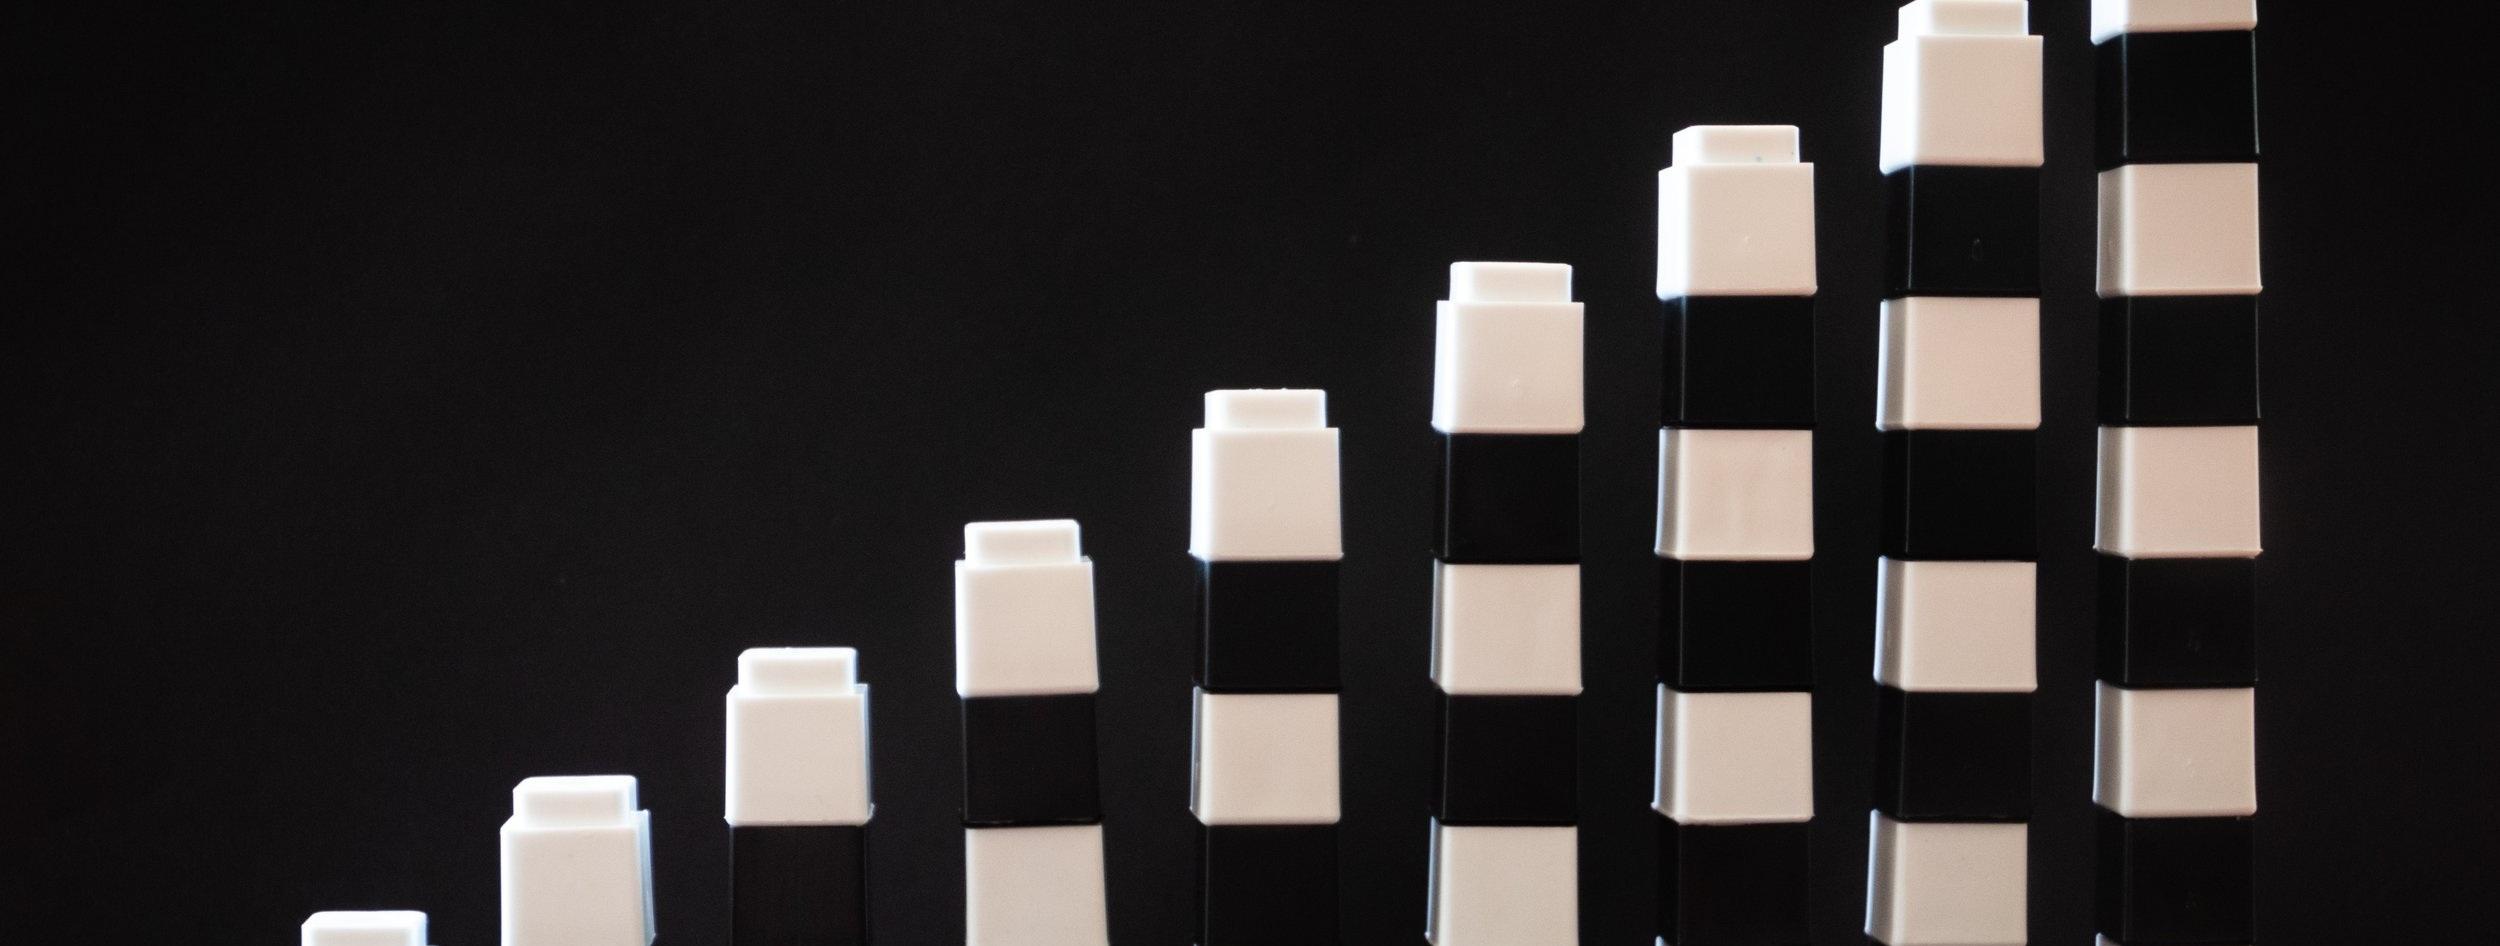 black-and-white-blocks-close-up-1329318.jpg
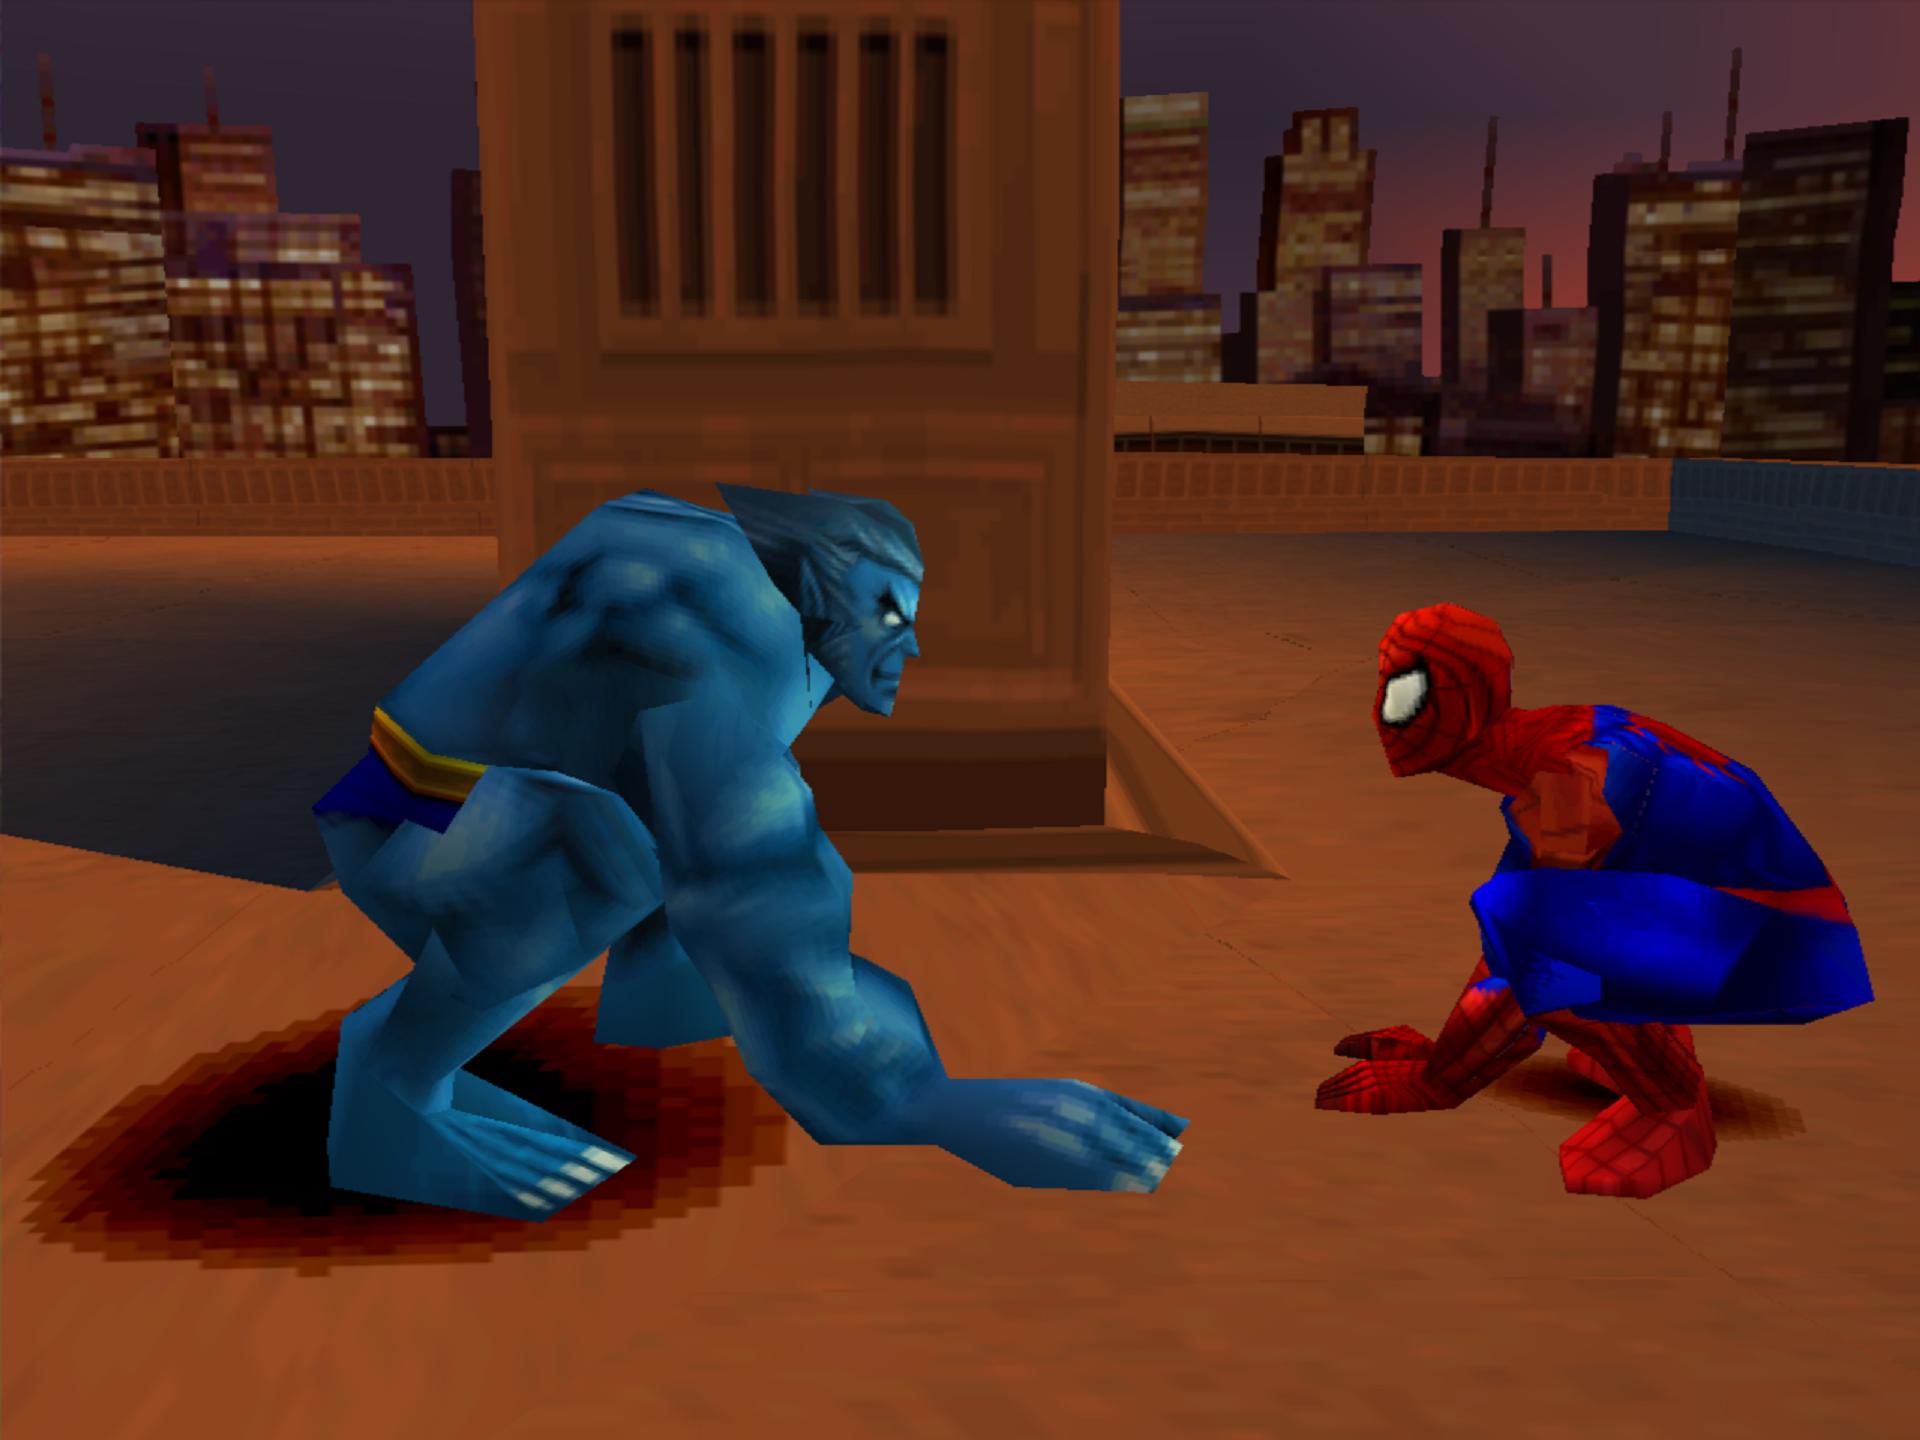 Uno dei pochi 'amici' presenti nel gioco era lo scimmione degli X-Men, che fondamentalmente compare all'inizio per dirti quattro cose e senza farsi vedere mai più.
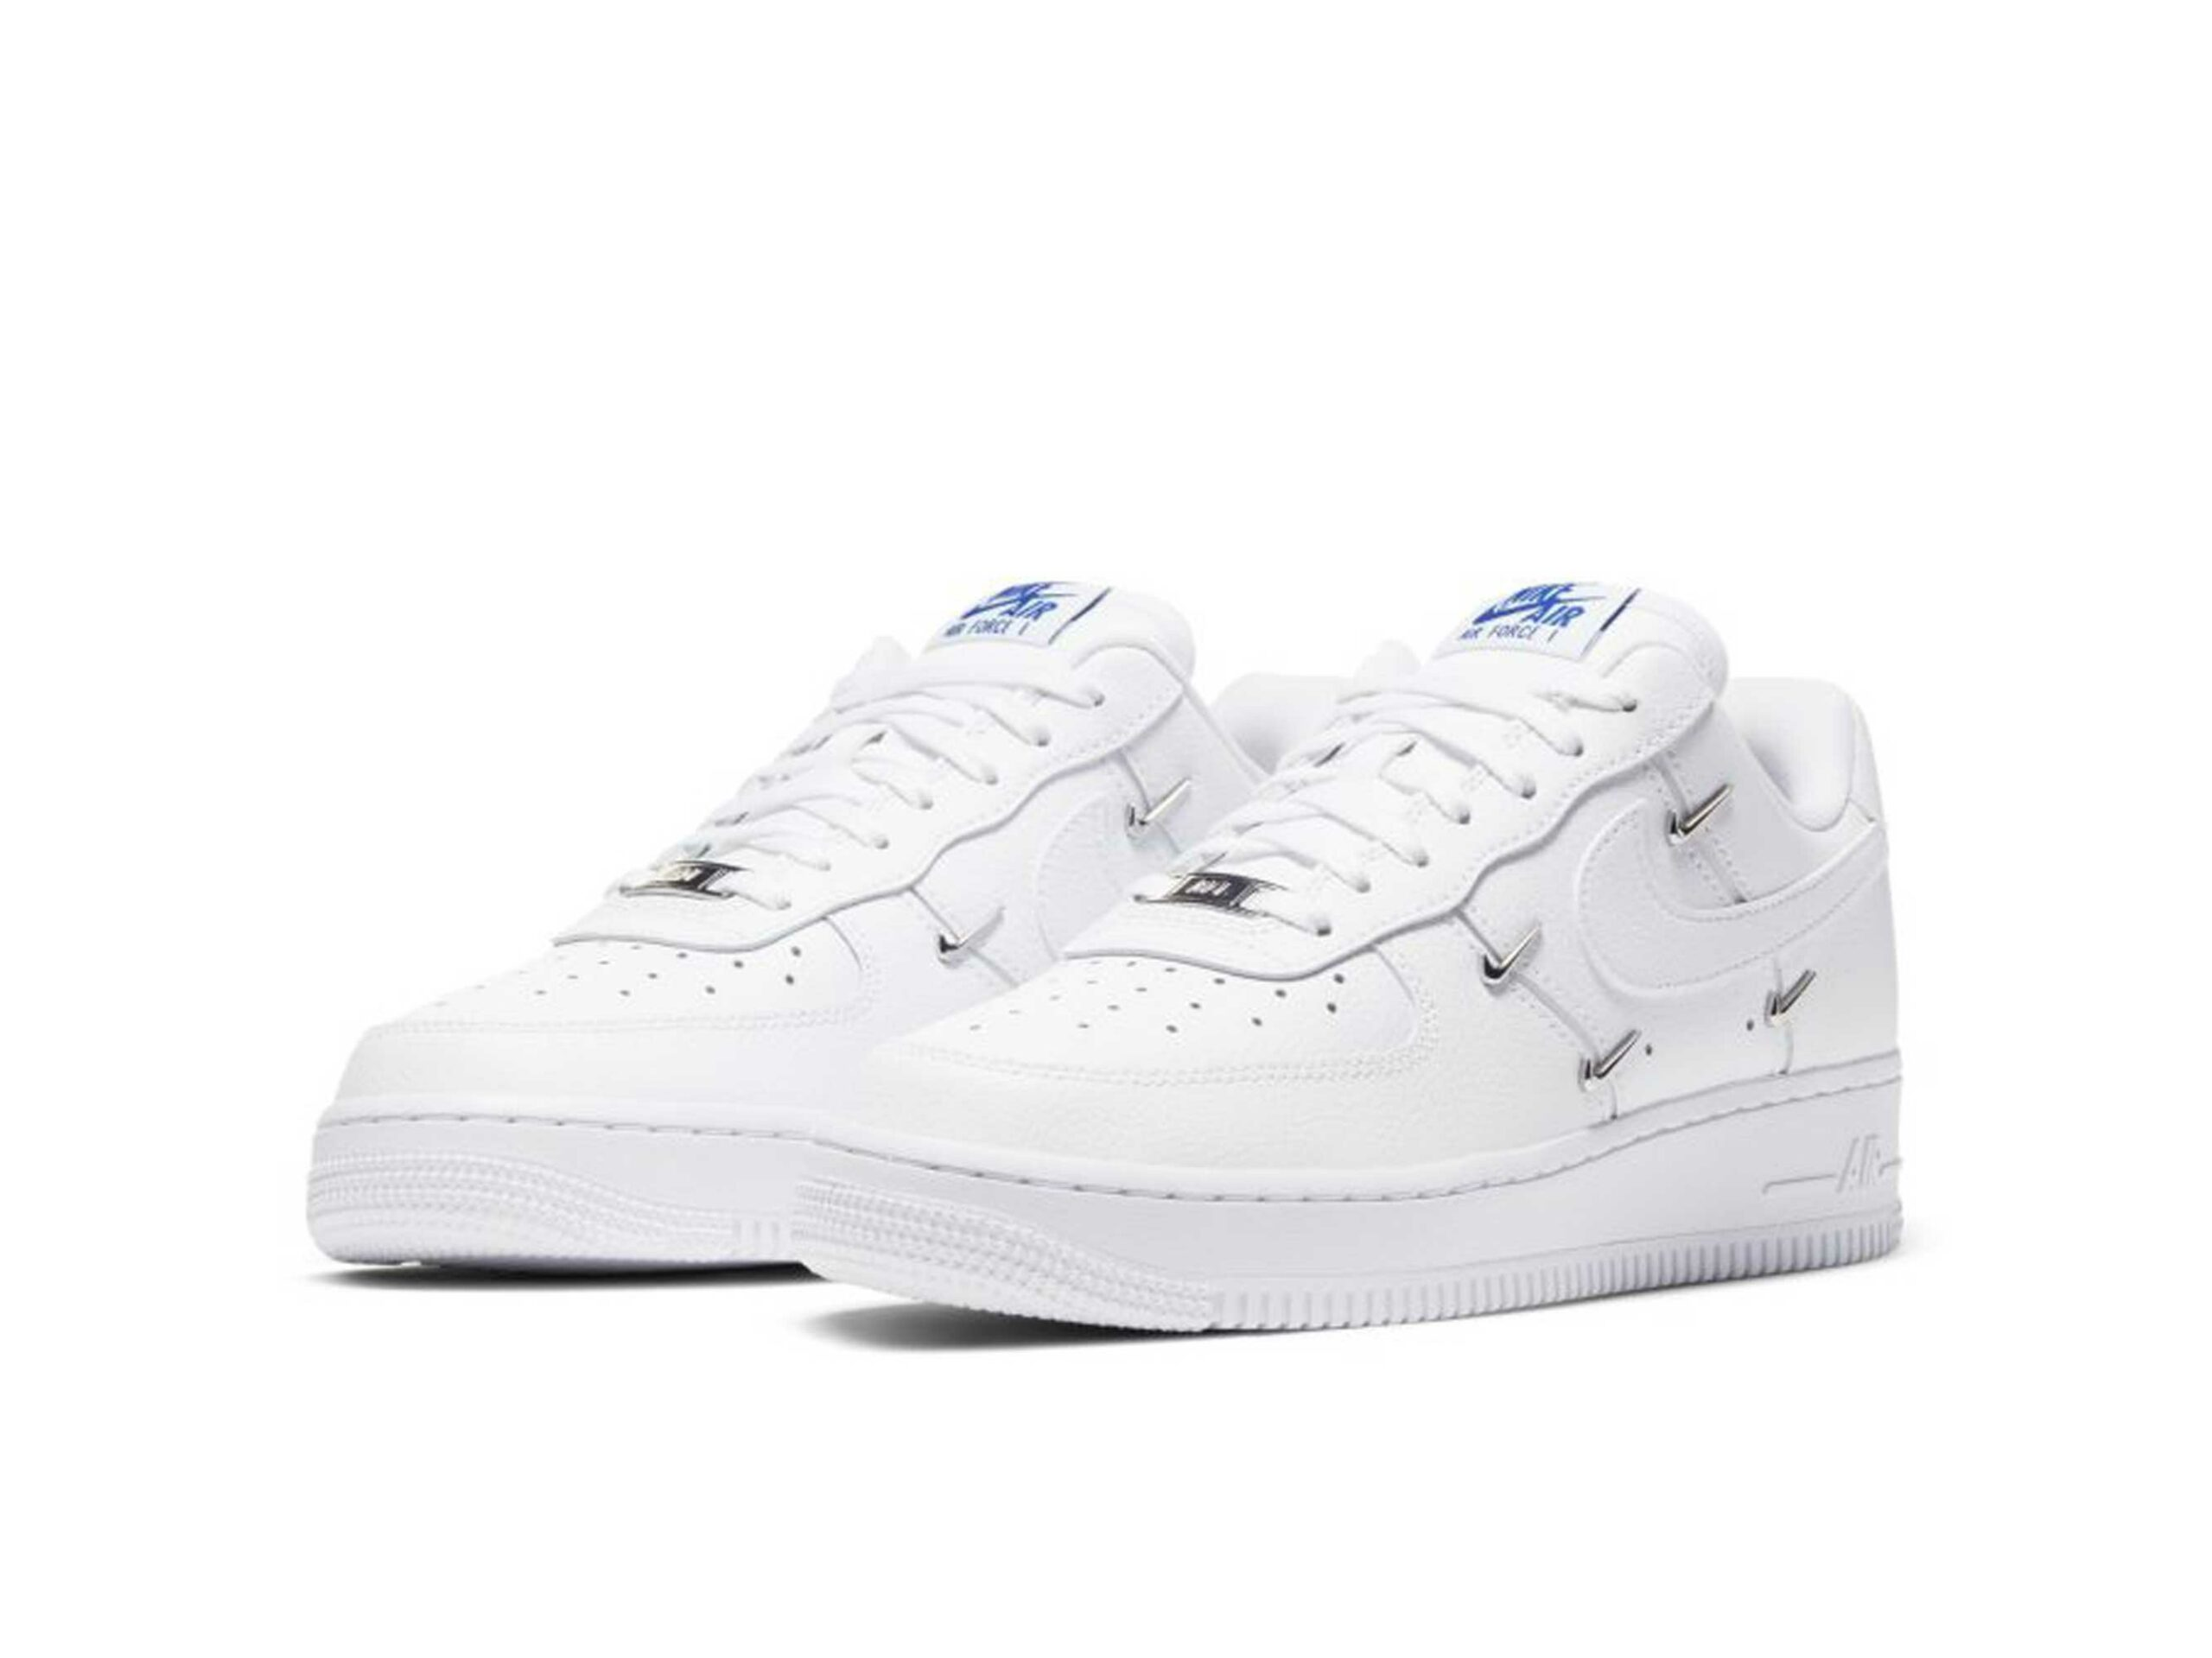 nike air force 1 '07 LX white CT1990_100 купить

> _What is needed_: Once the pictures are set aside, restate the remaining data above exactly.

> _Output of the task_:
 black-and-white-blocks-close-up-1329318.jpg
 Uno dei pochi 'amici' presenti nel gioco era lo scimmione degli X-Men, che fondamentalmente compare all'inizio per dirti quattro cose e senza farsi vedere mai più.
 nike air force 1 '07 LX white CT1990_100 купить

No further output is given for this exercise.